» YOUR OBJECTIVE
Pictures stay out of the copy, and everything else in the data below is repeated exactly.

*** DATA SHOWN ***

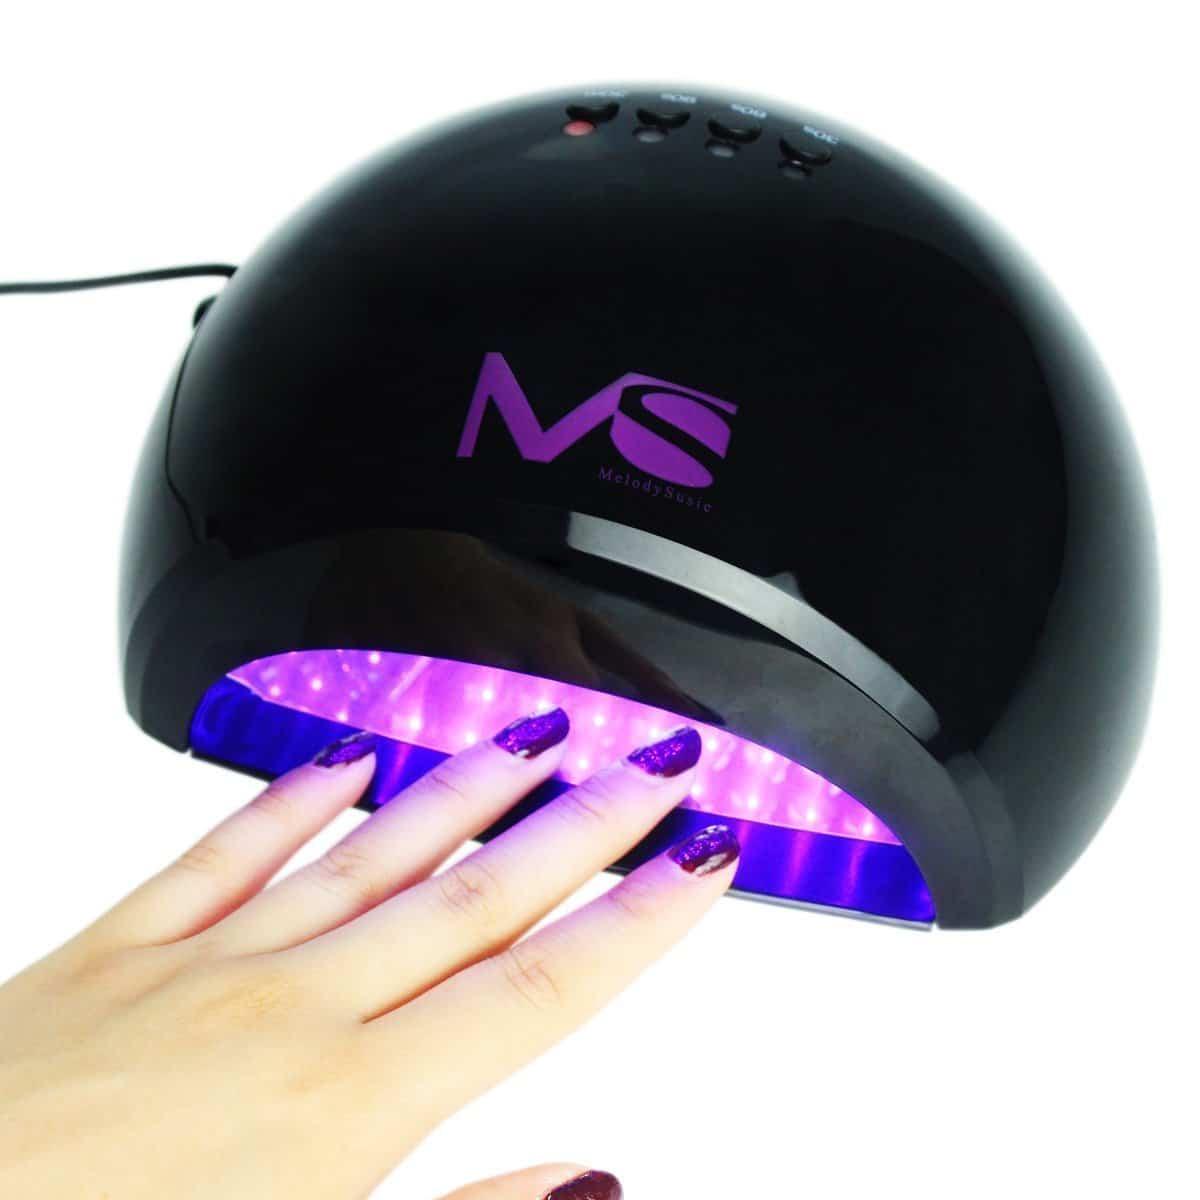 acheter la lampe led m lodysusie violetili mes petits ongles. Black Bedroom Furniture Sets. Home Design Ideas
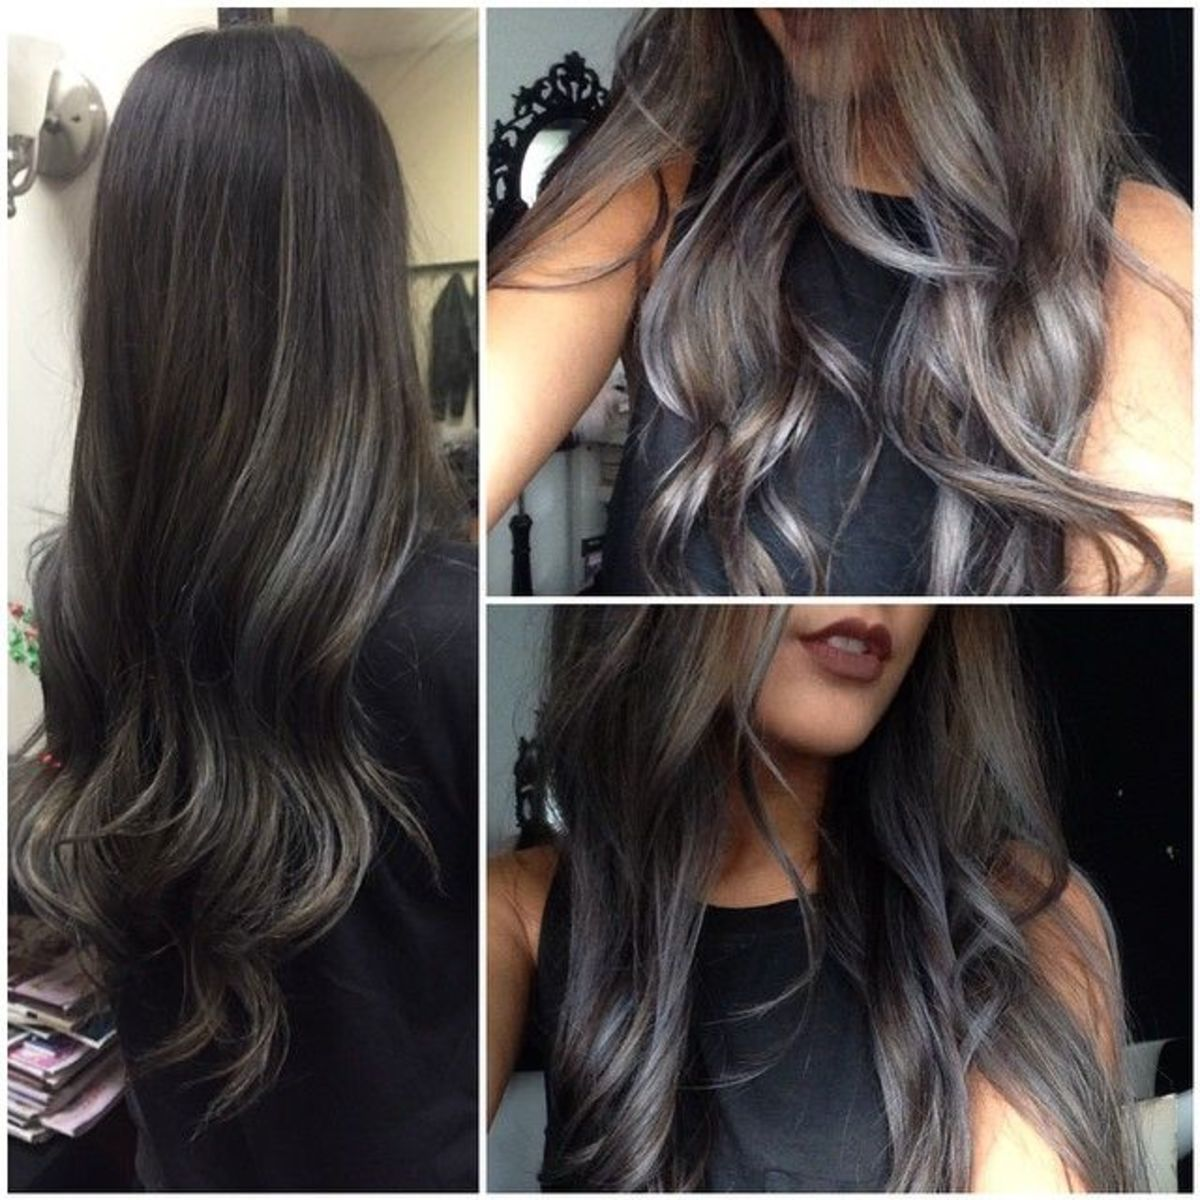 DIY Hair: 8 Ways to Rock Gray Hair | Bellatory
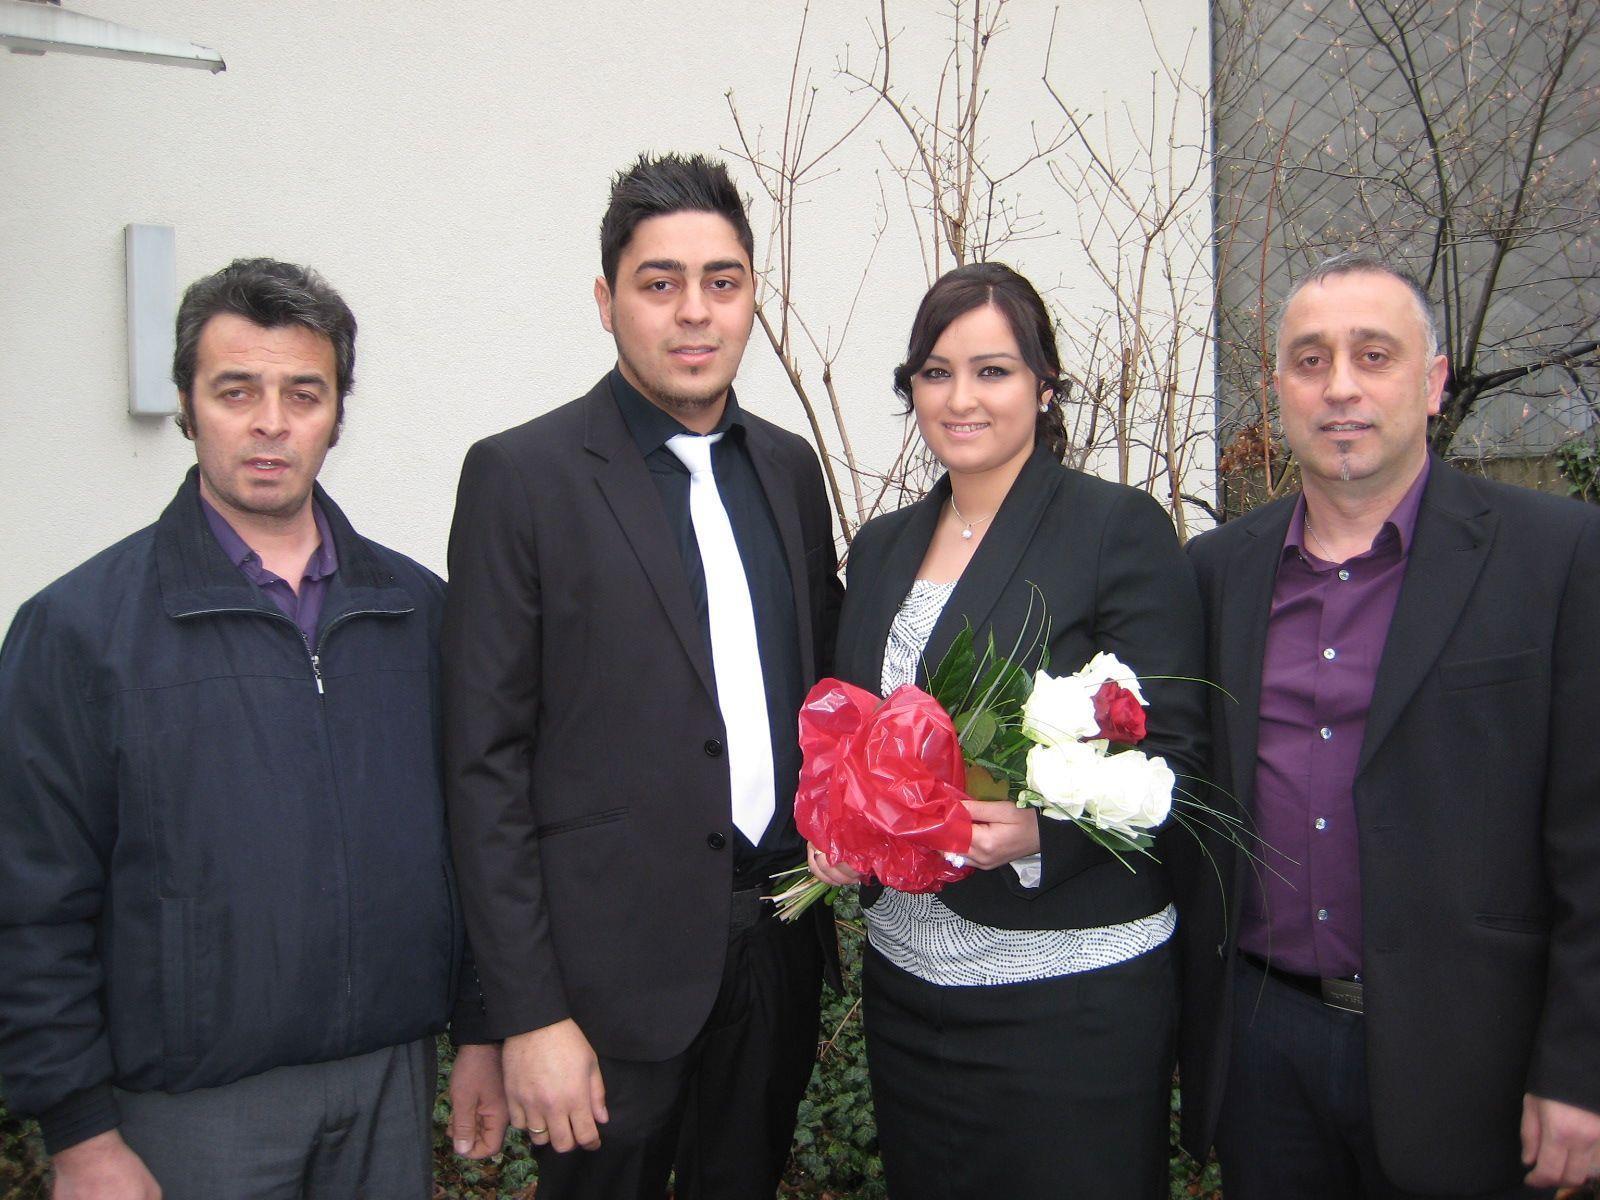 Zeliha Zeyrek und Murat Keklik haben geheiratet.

*** End of DATA SHOWN ***

» TASK ANSWER
 acheter la lampe led m lodysusie violetili mes petits ongles. Black Bedroom Furniture Sets. Home Design Ideas
 DIY Hair: 8 Ways to Rock Gray Hair | Bellatory
 Zeliha Zeyrek und Murat Keklik haben geheiratet.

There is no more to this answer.